Little bit of progress on the Iver. Wheelset arrived today. Current old project shown with current newest bike in the collection. 1916 Iver Johnson and 2020 Bassett. Enjoy.


----------



## 1817cent (Jan 7, 2021)

Both look good!


----------



## Kombicol (Jan 9, 2021)

Looking good 
What did you decide for wheels and hubs?


----------



## Big Moe (Jan 9, 2021)

Wood rims are difficult to find, but I found a nice set of steel clad. Nd model d hub in back wheel and not sure what in front wheel.


----------



## Ed Minas (Feb 10, 2021)

I have had a lot of nickel plating done at Jon Wright custom chrome plating in Gafton, Ohio and could not be happier. https://www.customchromeplating.com


----------



## pedal4416 (Feb 11, 2021)

Awesome bikes! I found a Plater here in College Station/Bryan. The chrome looks great, I haven't tried the nickel yet.
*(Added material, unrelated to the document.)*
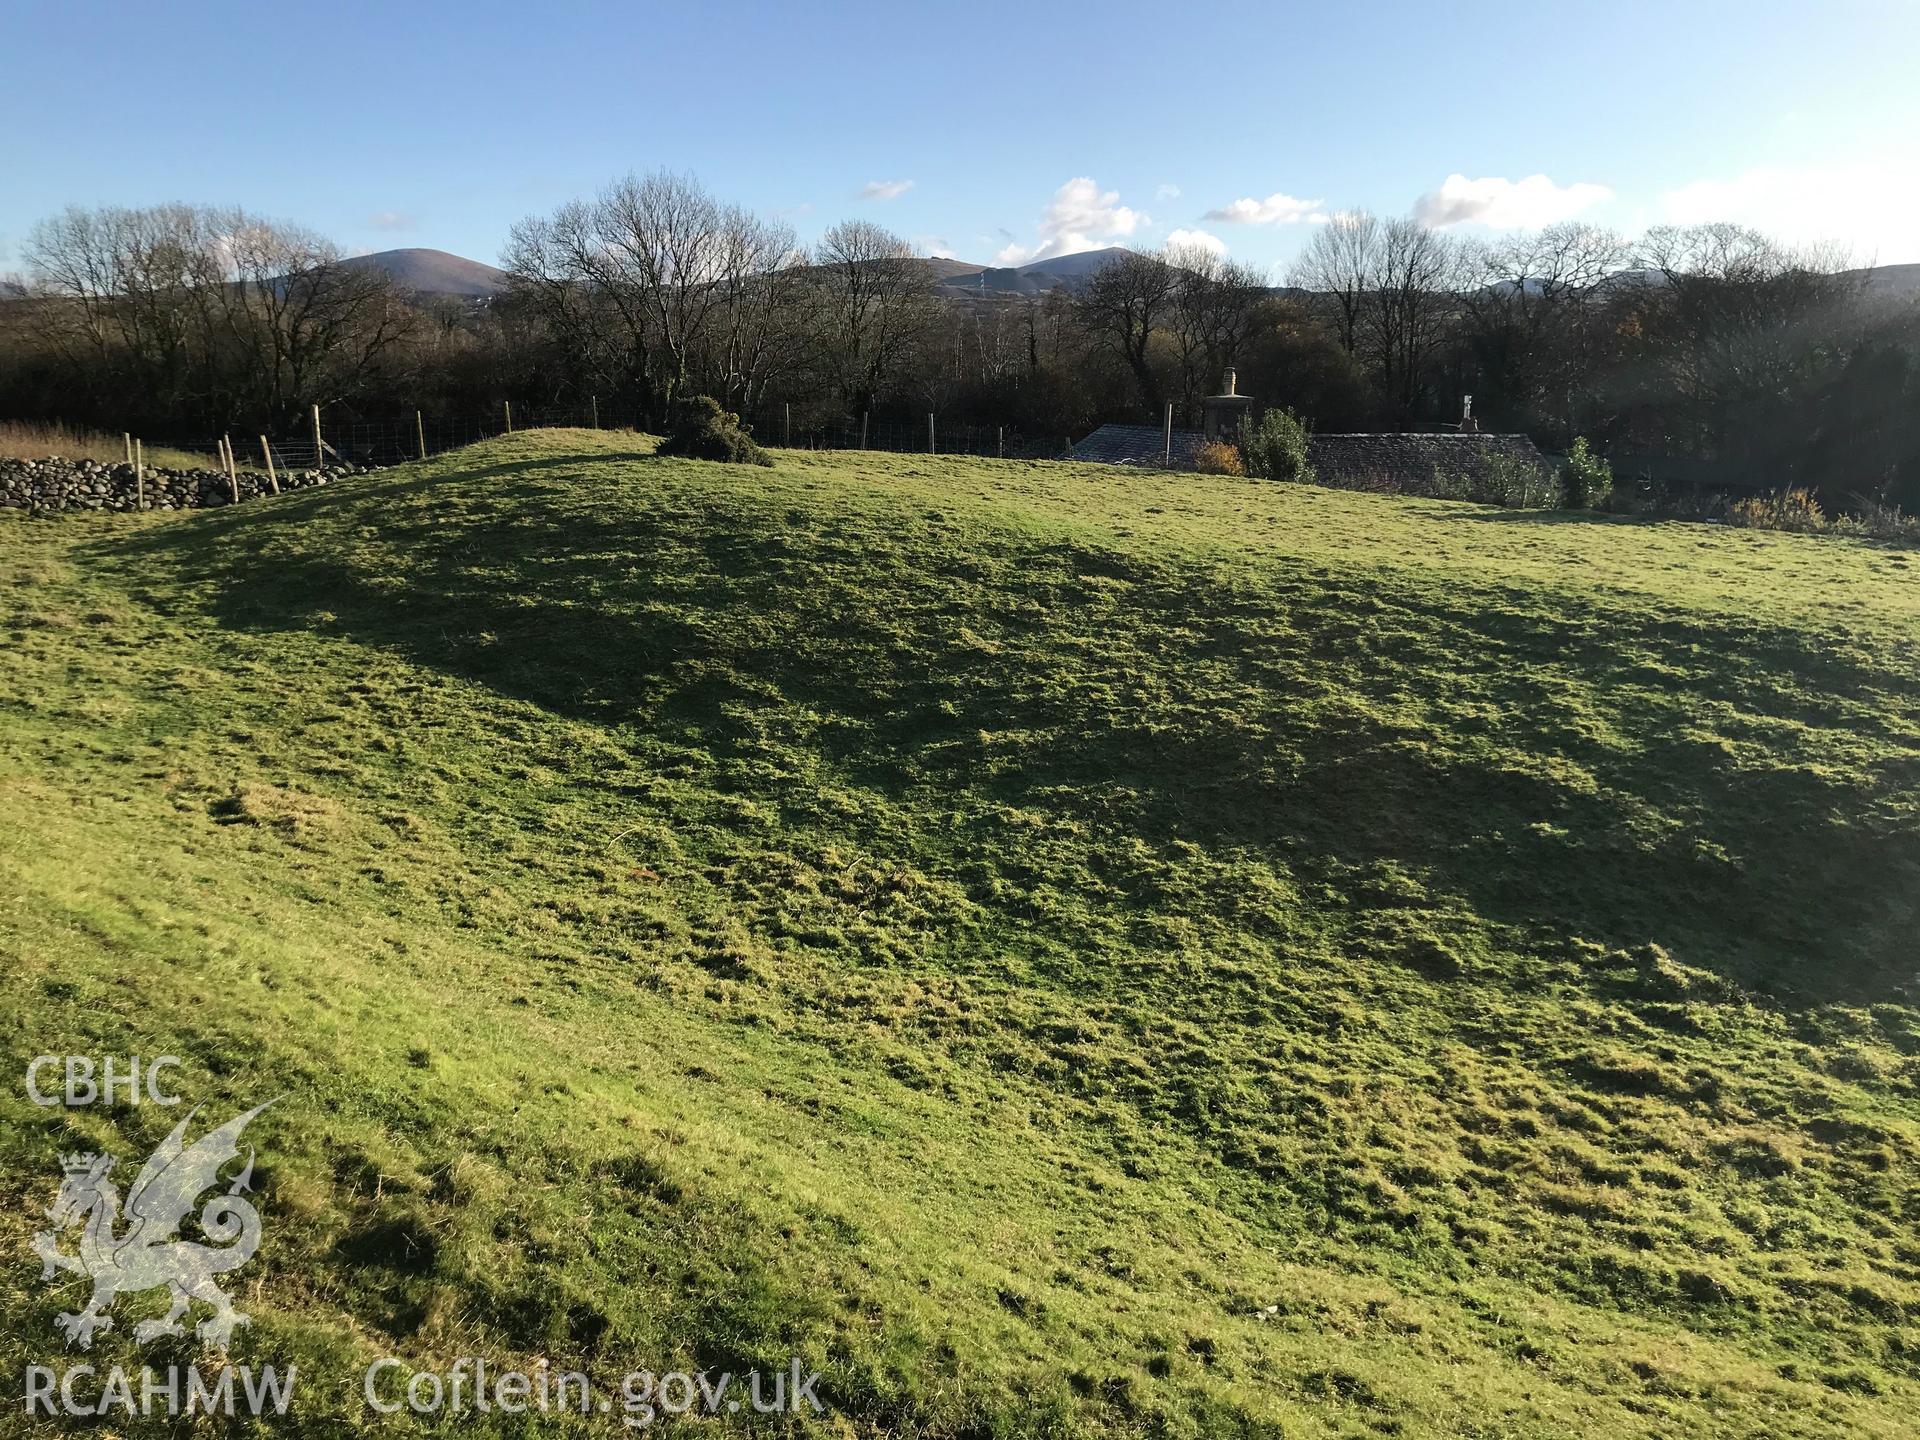 Digital colour photograph showing Hen Gastell homestead, Llanwnda, taken by Paul Davis on 3rd December 2019.

I'll let you know how it goes. We need to get a Texas Old Bike Ride going!!


----------



## Big Moe (Feb 11, 2021)

pedal4416 said:


> Awesome bikes! I found a Plater here in College Station/Bryan. The chrome looks great, I haven't tried the nickel yet. I'll let you know how it goes. We need to get a Texas Old Bike Ride going!!



I would love that. Pm me we'll have a conversation.


----------